Supplied material:
+===+

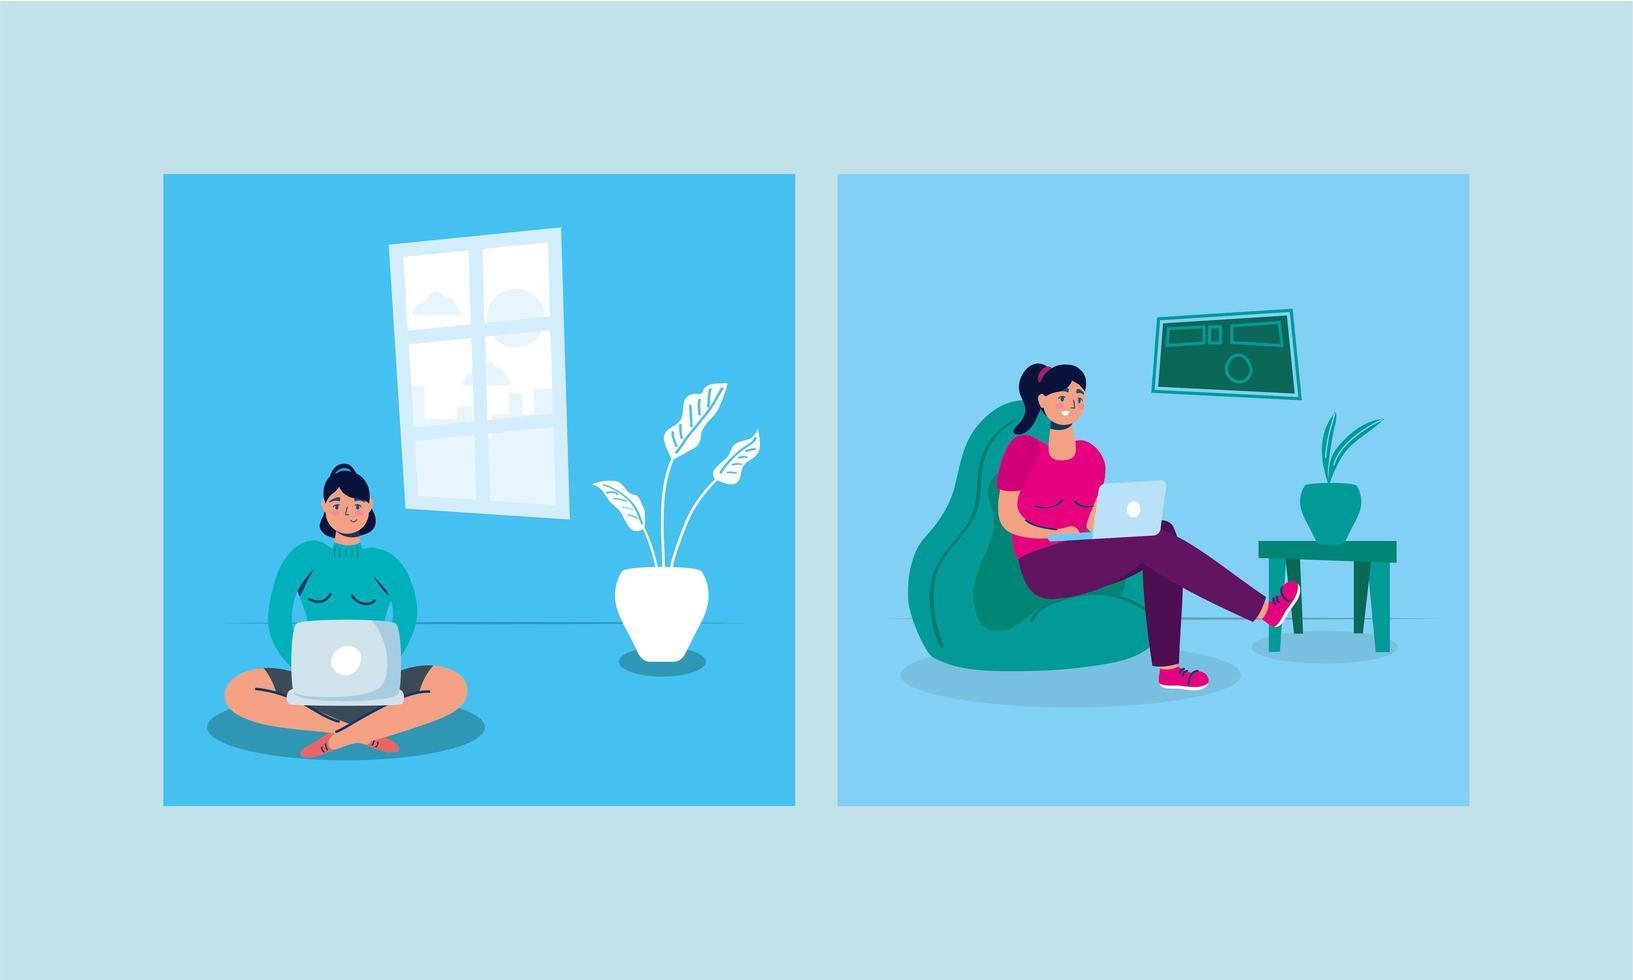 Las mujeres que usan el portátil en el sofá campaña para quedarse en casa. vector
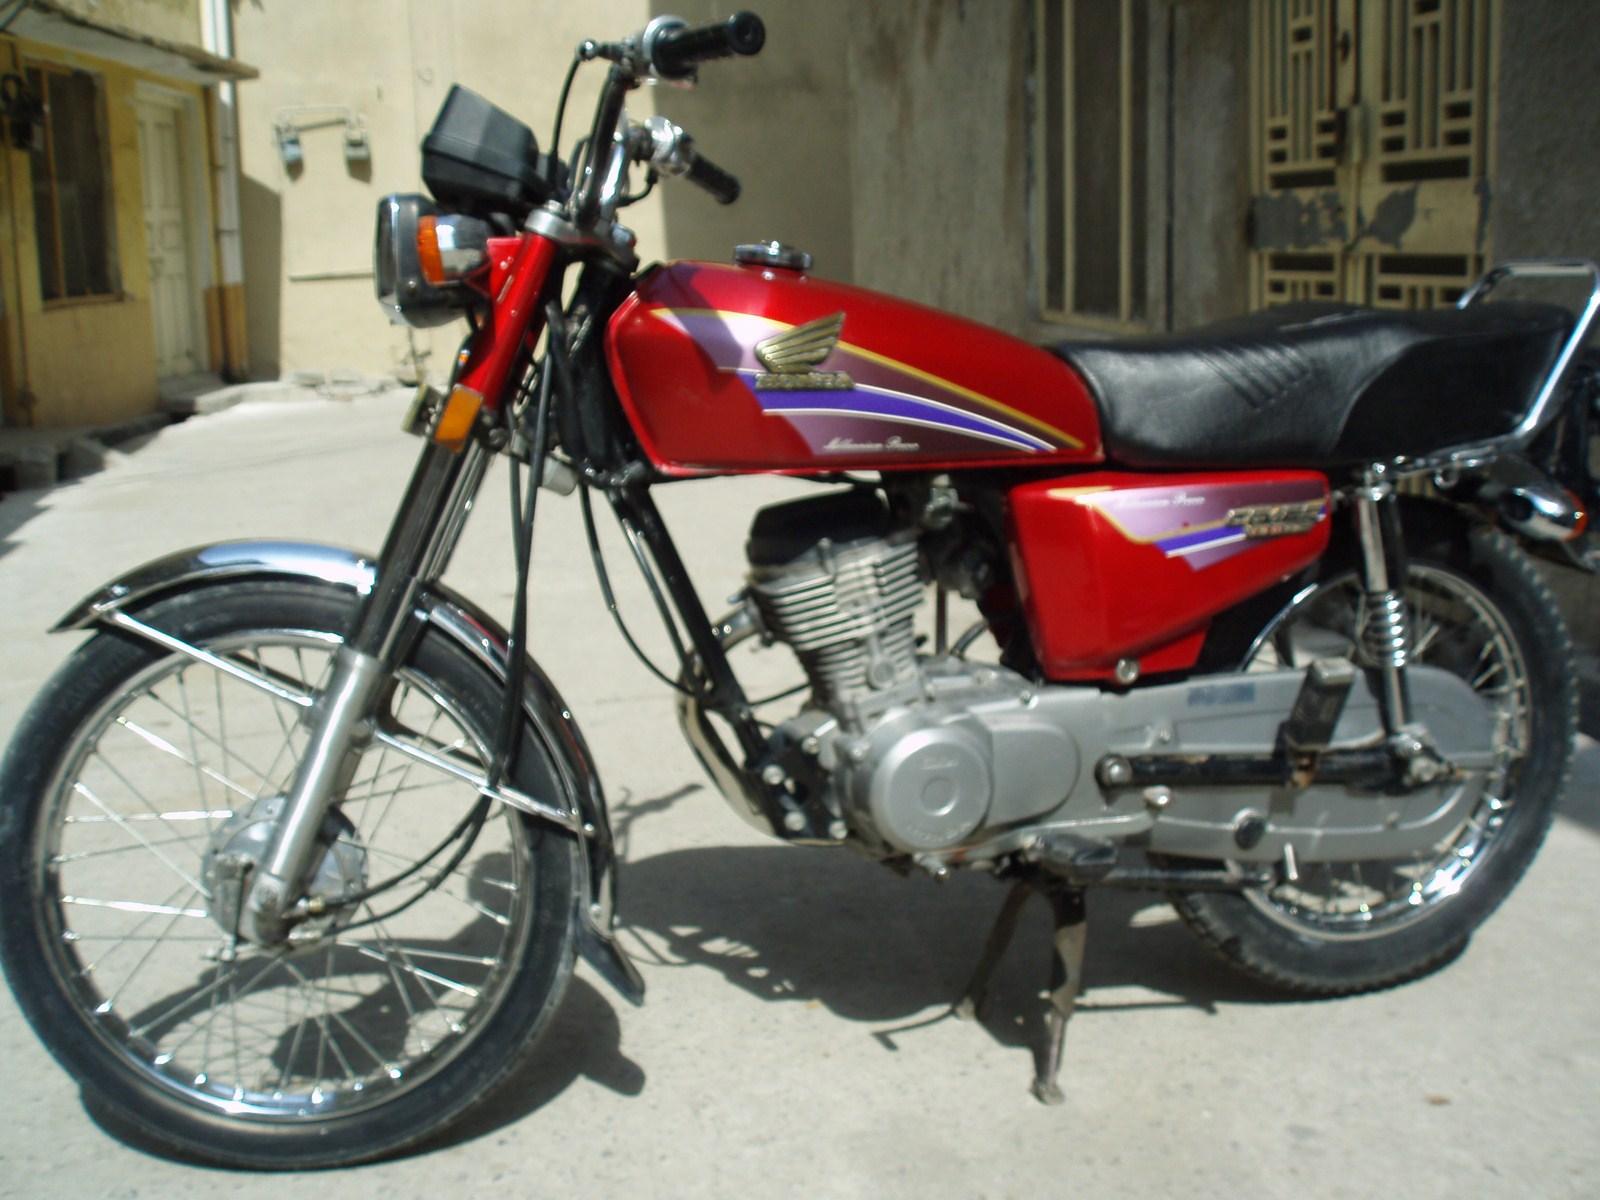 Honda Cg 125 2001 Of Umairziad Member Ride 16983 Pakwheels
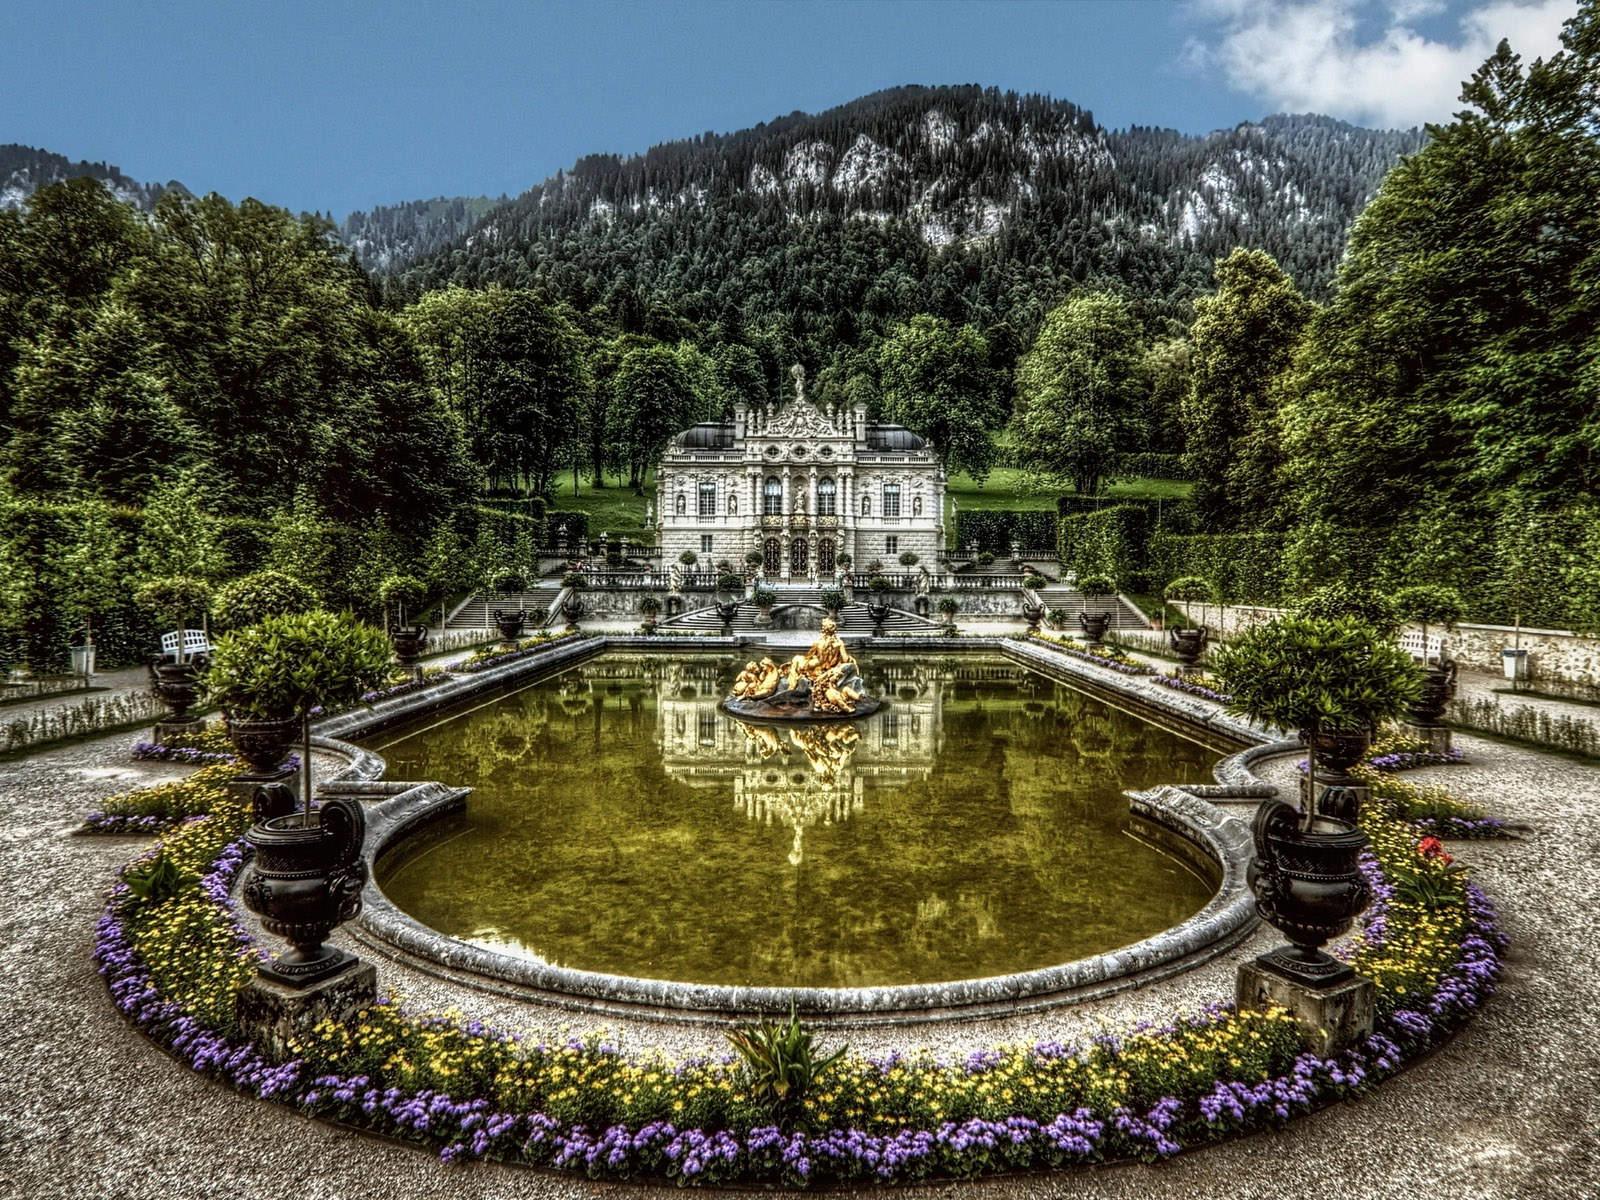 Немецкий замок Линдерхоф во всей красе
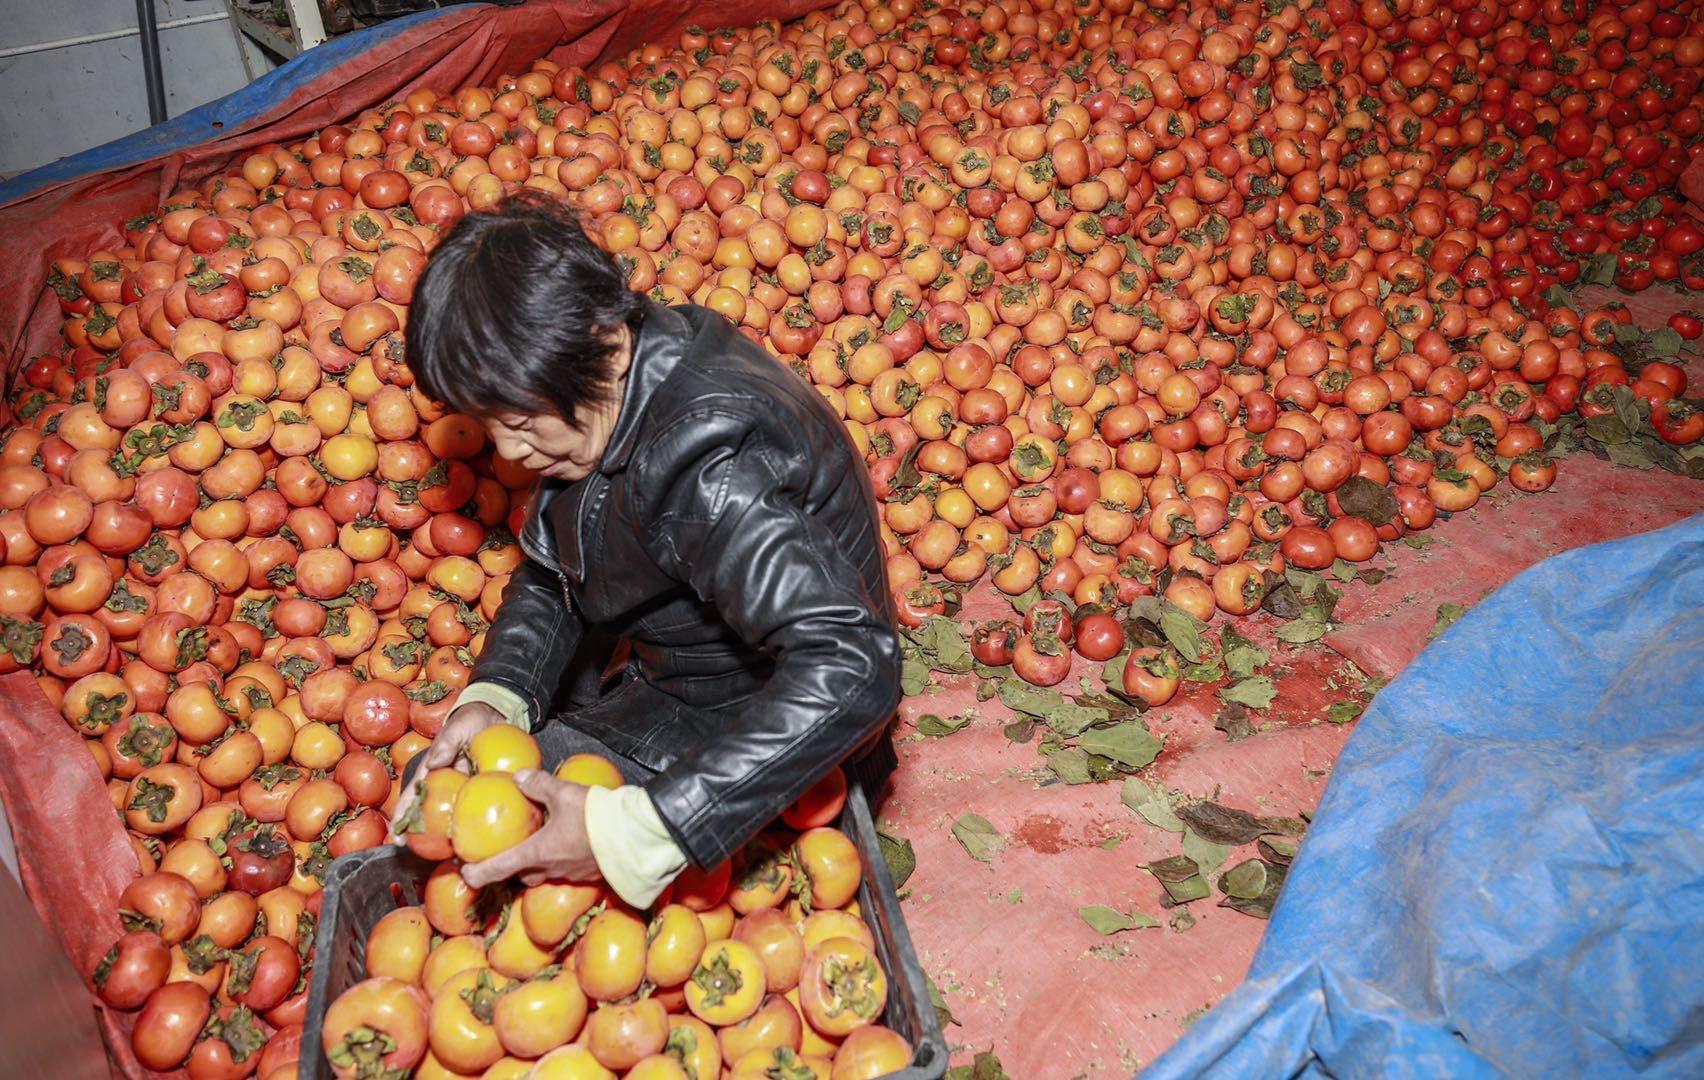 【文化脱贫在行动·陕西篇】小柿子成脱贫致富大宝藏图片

+===+

Task instructions: Each line above gets copied exactly; leave the pictures out.

Exercise output:
 Las mujeres que usan el portátil en el sofá campaña para quedarse en casa. vector
 Honda Cg 125 2001 Of Umairziad Member Ride 16983 Pakwheels
 Немецкий замок Линдерхоф во всей красе
 【文化脱贫在行动·陕西篇】小柿子成脱贫致富大宝藏图片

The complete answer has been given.